One of the great attributes of the project-based learning model is the opportunity educators have to “live” PBL in front of their students. This is particularly true as the project comes to an end in the classroom. Now it’s time to reflect upon the project itself! How did it go? Did you and your students enjoy it? What worked and what took an adjustment? What needs to happen before I use it again next year?
Who should be involved in the process?
Definitely the students, as well as anyone that served as an expert or audience member during the process. Students should be allowed to be honest in the process; however, teaching them to be constructive critical friend to their peers AND educators yields better results all around. “Don’t just tell me you liked it or hated it. Tell me why. Tell me what I could do to fix it or improve it for next time!” This is true for your colleagues, other teachers, audience and experts as well. Many of them will have a different perspective or will notice things that you may have missed while you were in the middle of the process.

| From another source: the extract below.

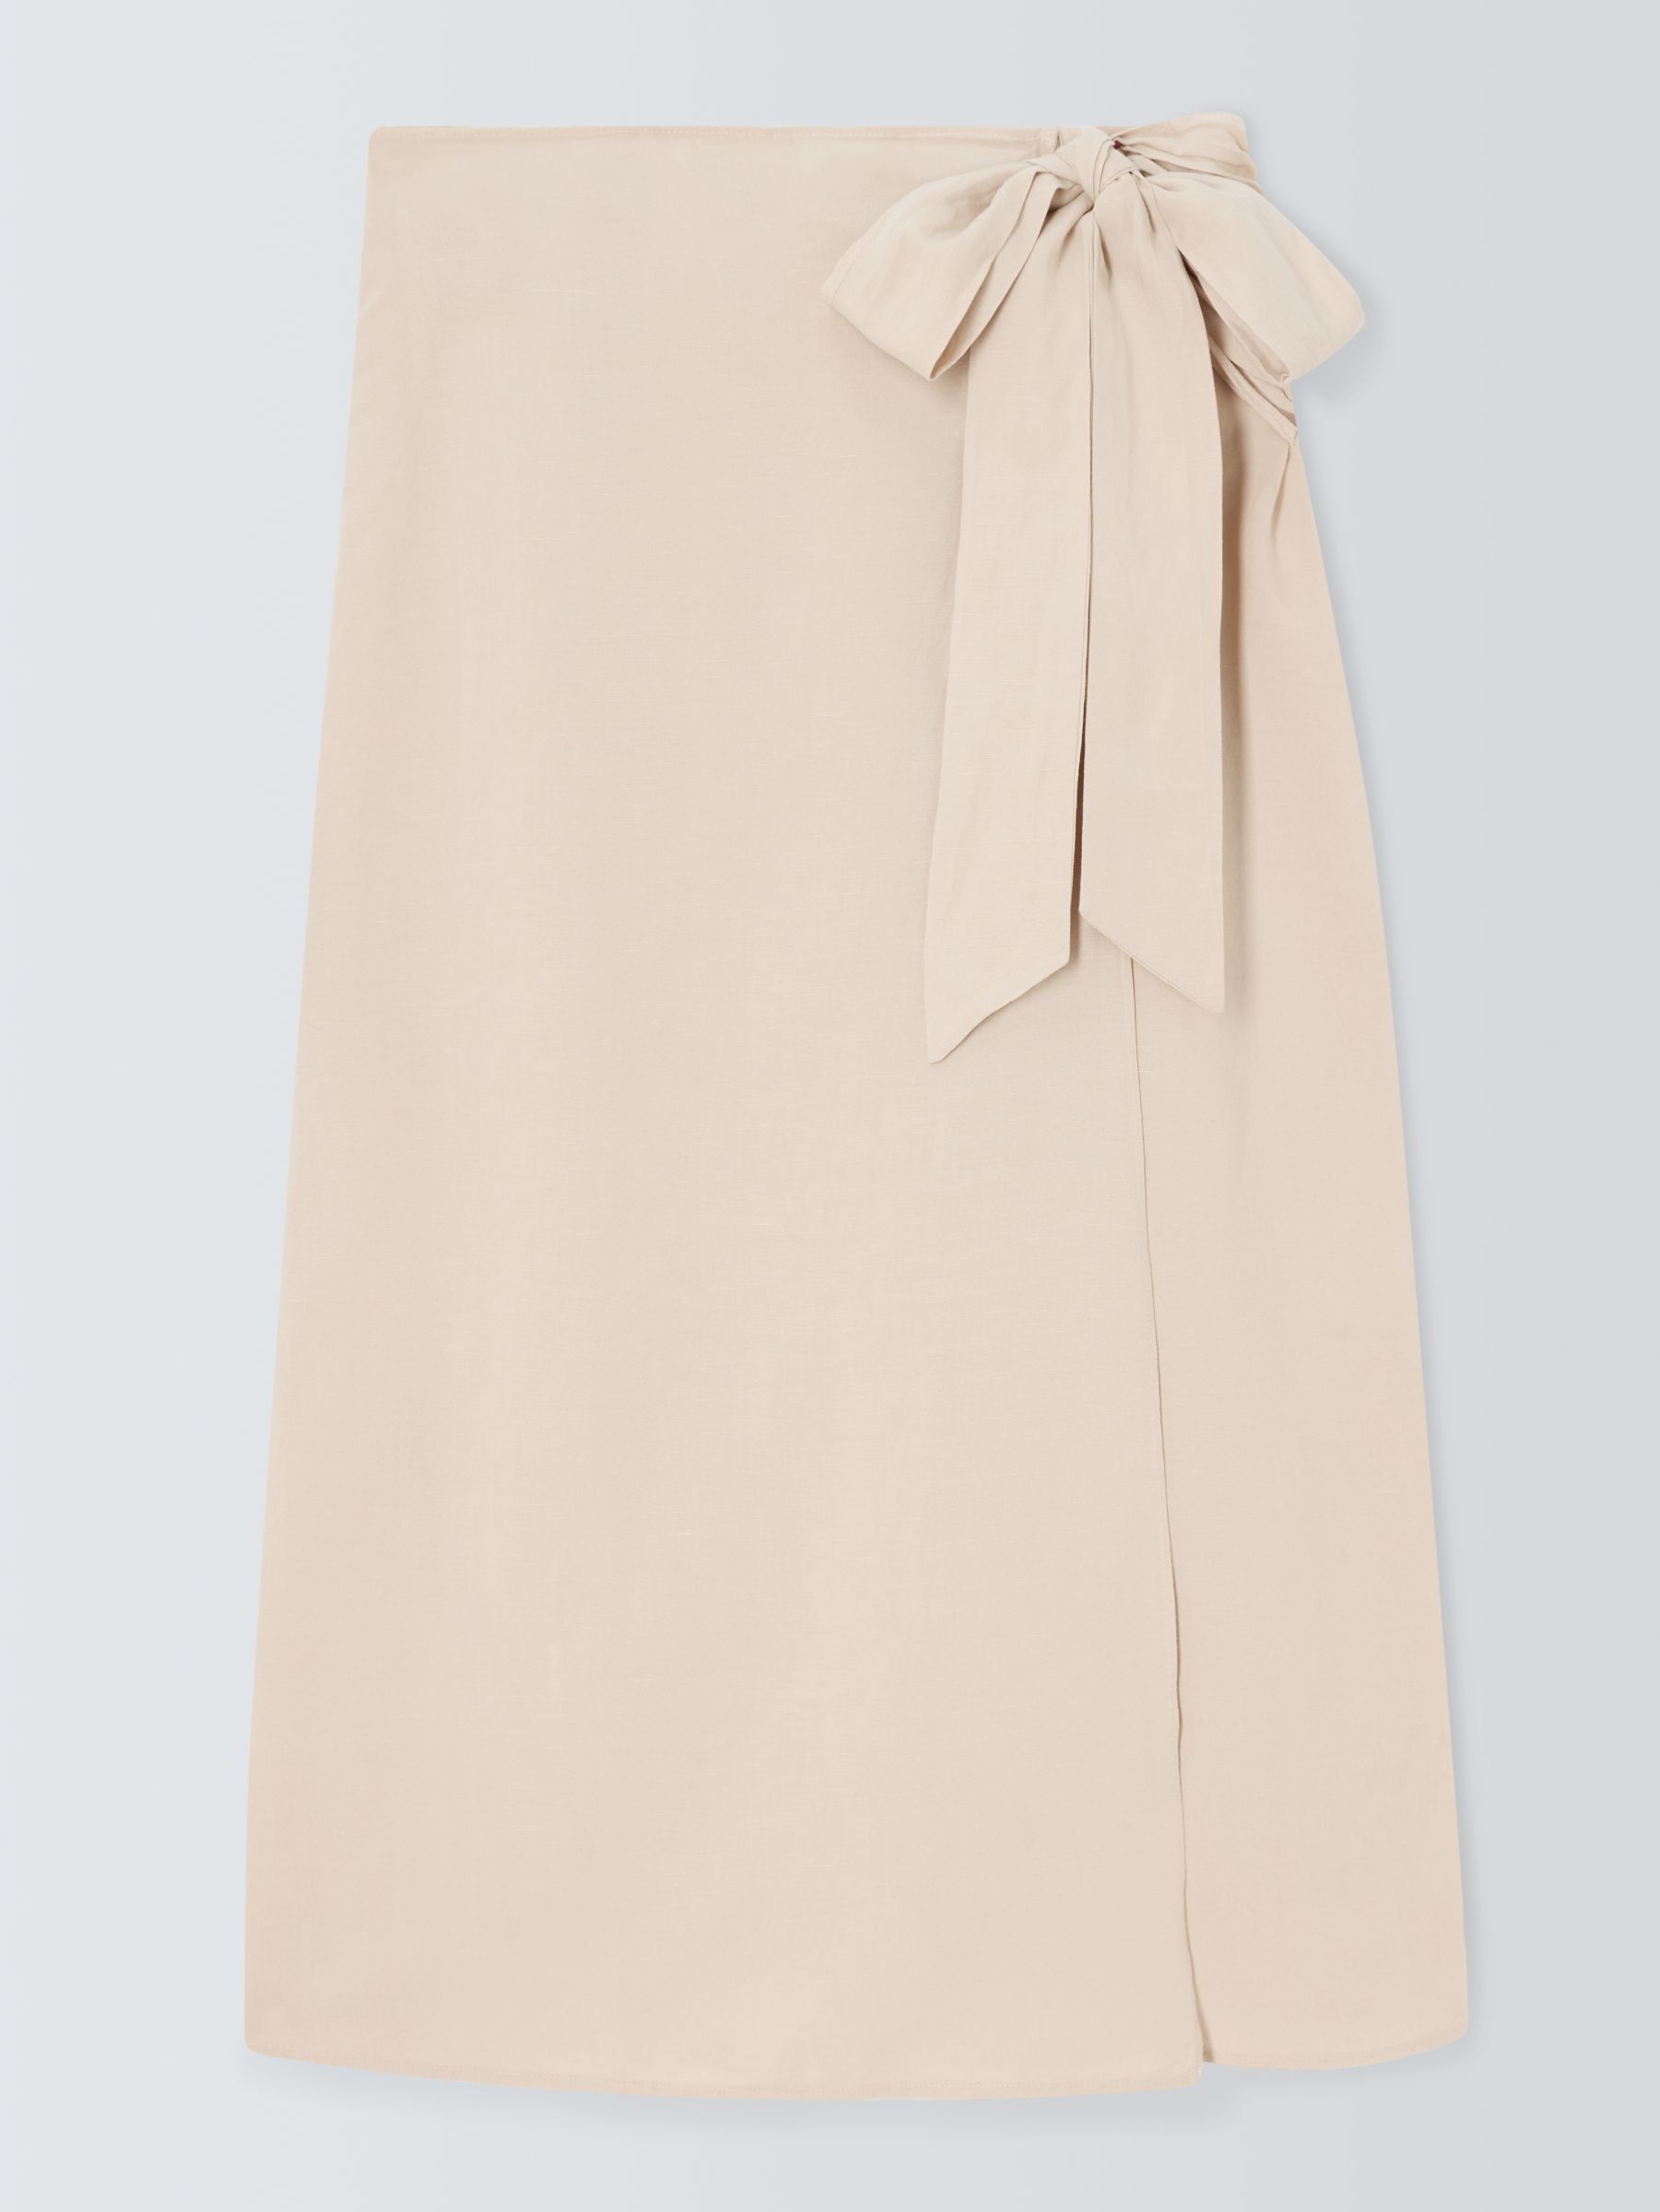 John Lewis ANYDAY Tie Waist Linen Blend Sarong Skirt, Oatmeal, 16

What will your process look like?
Using rubrics and reflection or critical friends protocols is another way that educators can demonstrate the PBL process. Fortunately at my school, we are to use the critical friends and looking at student work protocols regularly. This assures the quality of our practice in the classroom.
Is it just a one-time assessment?
How a project is used, reused, changed, or abandoned should be influenced by the reflective process. The life of a project could very well be extended due to the feedback you receive from the process!